Linux and Windows logs sent using filebeat or winlogbeat are being delivered to the Graylog server about 13 hours later. On the other hand, the timing of the logs coming from syslog inputs like the firewall and the ESXi servers are correct.
The delayed logs are being delivered with the right time stamp.
now it’s 2021/10/26 9:28
The last Linux/Windows log: 2021/10/25 20:24 (has the correct timestamp)
The last syslog log: 2021/10/26 9:28 (has the correct timestamp)
Description of steps you’ve taken to attempt to solve the issue
I checked /etc/graylog/server/server.conf and root_timezone = Europe/Berlin
I checked the time zone for the Graylog VM using the command timedatectl
and the output is correct Local time: Tue 2021-10-26 09:06:36 CEST Universal time: Tue 2021-10-26 07:06:36 UTC RTC time: Tue 2021-10-26 07:06:35 Time zone: Europe/Berlin (CEST, +0200) System clock synchronized: no systemd-timesyncd.service active: yes RTC in local TZ: no
Operating system information
Ubuntu 18.04.4 LTS
Anyone knows what is the cause of this behaviour?
With those two types of operating system I assume there Date/Time is correct on those remote devices? If this is correct, then I would look at your Time configuration settings. This is under System/Overview.
The timestamp field is from ES but in the message time/date that would be from those remote devices.
Here is an example:
I have have a remote device and in the message date/time as shown below you’ll notice that the time in the message is different from the timestamp field.
What are your winlogbeat/filebeat configurations for those machines that are being delayed? Is it a constant stream of 13 hour old messages or do they all come in at once in 13 hour intervals? I am thinking is a configuration at the client, and more likely to be a beats configuration that is common between your Linux and Windows machines. Be sure to post code using forum tools (like </>) for readability.
First, sorry for the late replay. I was away from my work desk for the last days.
As we’ve changed the time in Germany at the weekend, I was curious to see how would it effect this behavior.
As we changed from UTC/GMT +2 to UTC/GMT +1 I thought that the difference in time should be 12 hours now. But what I have found is that the difference now is about 21 hours!!!
Now it is 03/11/2021 09:17 AM
Last log is from 02/11/2021 11:51 AM
The logs are being received every couple of seconds right now in a “live” stream.
I didn’t have the problem earlier when I set up the server, and I only noticed it two weeks ago, but I’m not sure when it started.
One of the things that have lately changed in my setup is the extractors. I have written more than 20 extractors for the Linux/Windows beats input alone. All of them are Grok pattern.
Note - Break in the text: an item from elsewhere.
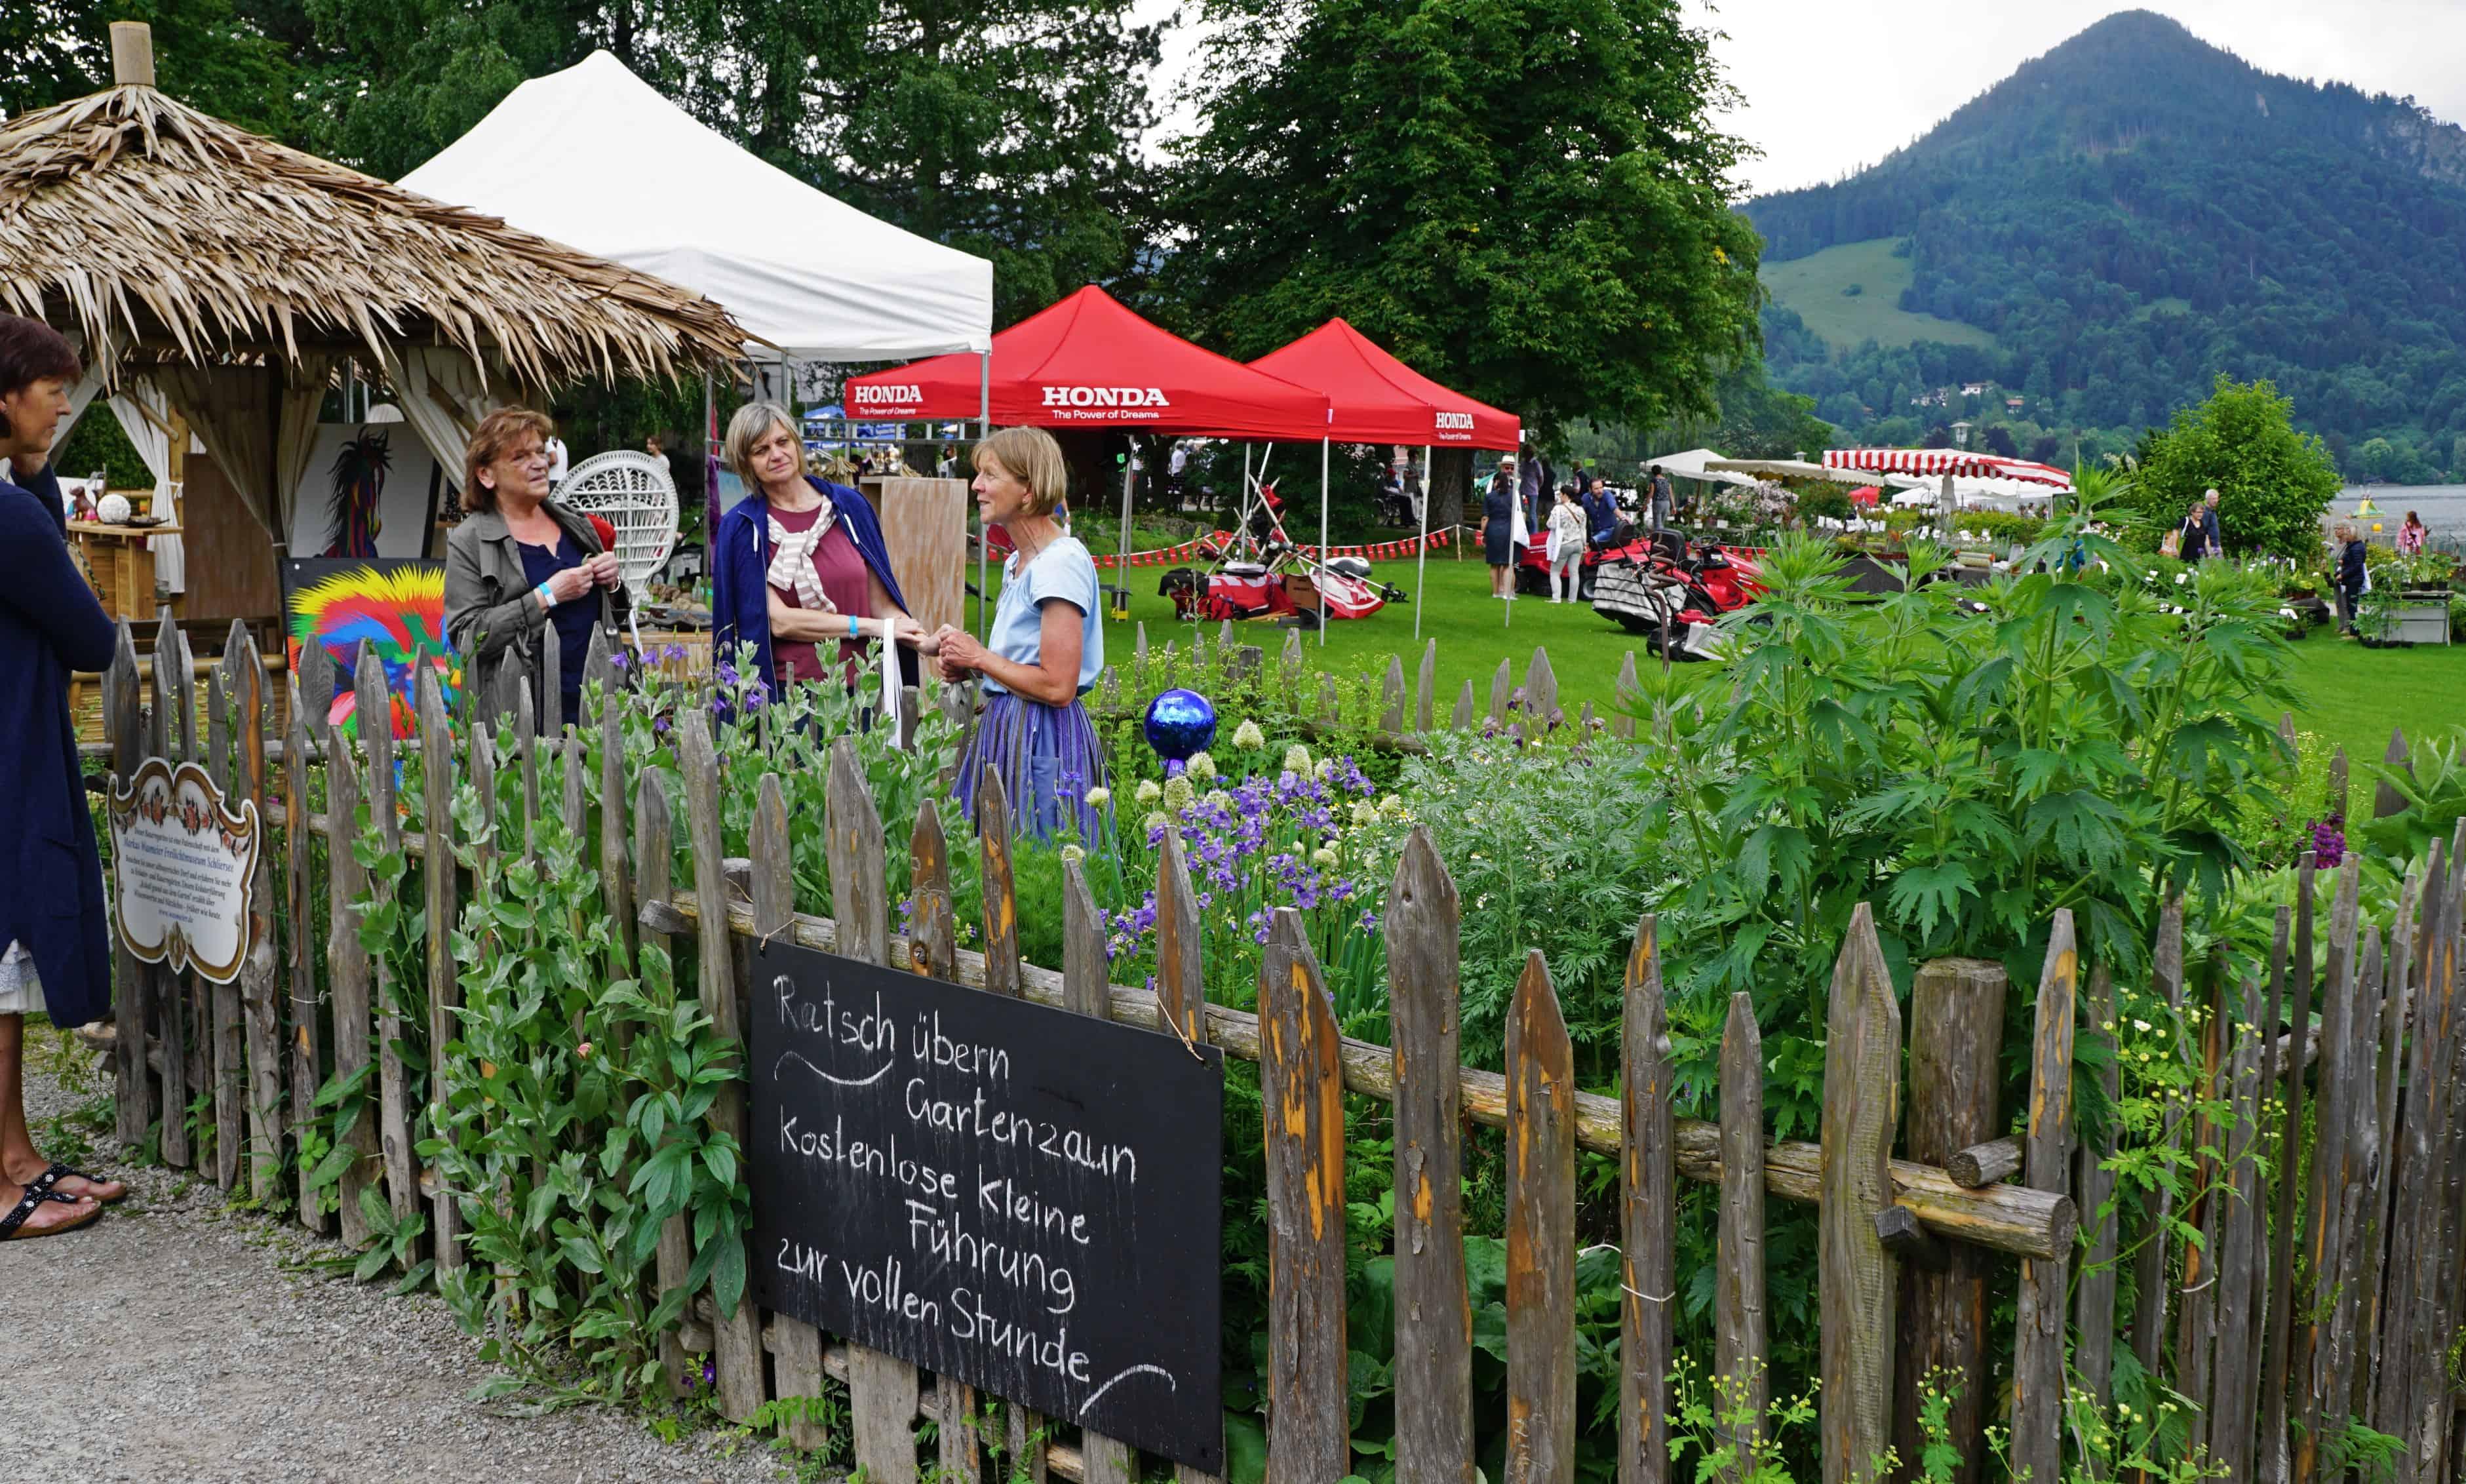 Schlierseer Gartenzauber 2018 - Judith Weber (61)

But at the same time I have also written 17 extractors (also Grok pattern) for the Syslog UDP input, and the logs there are being delivered on time.
I increased the resources of the VM last week to see if the improved performance will help, but it looks like it didn’t help.
One thing to consider is how many steps each message has to go through as it progresses through your system. GROK and REGEX are powerful tools but if you aren’t careful when you are using them in volume their small amount of extra searching per message will really add up. One of the better ways to clear that up quickly is to force the GROK/regex to the beginning (^) or end ($) of the message - without that a pattern match is shifted throughout the whole message each time. For instance, this GROK command forces the match to fail quicker if the first matched item isn’t TIMESTAMP_ISO8601 because of the ^ in the beginning.
First, one is what @tmacgbay suggested about correcting you GROK/Regex patterns. That would be the first configuration to fix
Second, check your resources CPU, Memory, and disk i/o. On Linux you could either use TOP or HTOP should be able to find what is taking so much CPU & Memory. For disk i/o I have been using Iotop came in handy a couple times.
Third, you could increase you buffers setting in Graylog Configuration file located here
The rule I go by is when I configure these 3 settings is the overall available processors are the number of CPU cores. As you increase your buffer settings you will create more CPU threads just an FYI.
For example, I have 14 CPU cores and my buffers are at 100%. I leave 2 cores for my system and the rest incase I need to increase the buffer settings. This may vary depending on your environment. By default, Output buffer doesn’t require a lot, so start with default CPU and go from there. If you’re configuring custom outputs, your needs will vary, and you’ll need to adjust accordingly. I would still start with default unless you have CPUs to spare. Then increase till buffers are at 0. Remember If your buffers are at 100% chances are your journal may be filed up or have a lot of messages so you may need to wait till you seen the journal deceasing to get an accurate reading before reconfiguring your buffer settings again.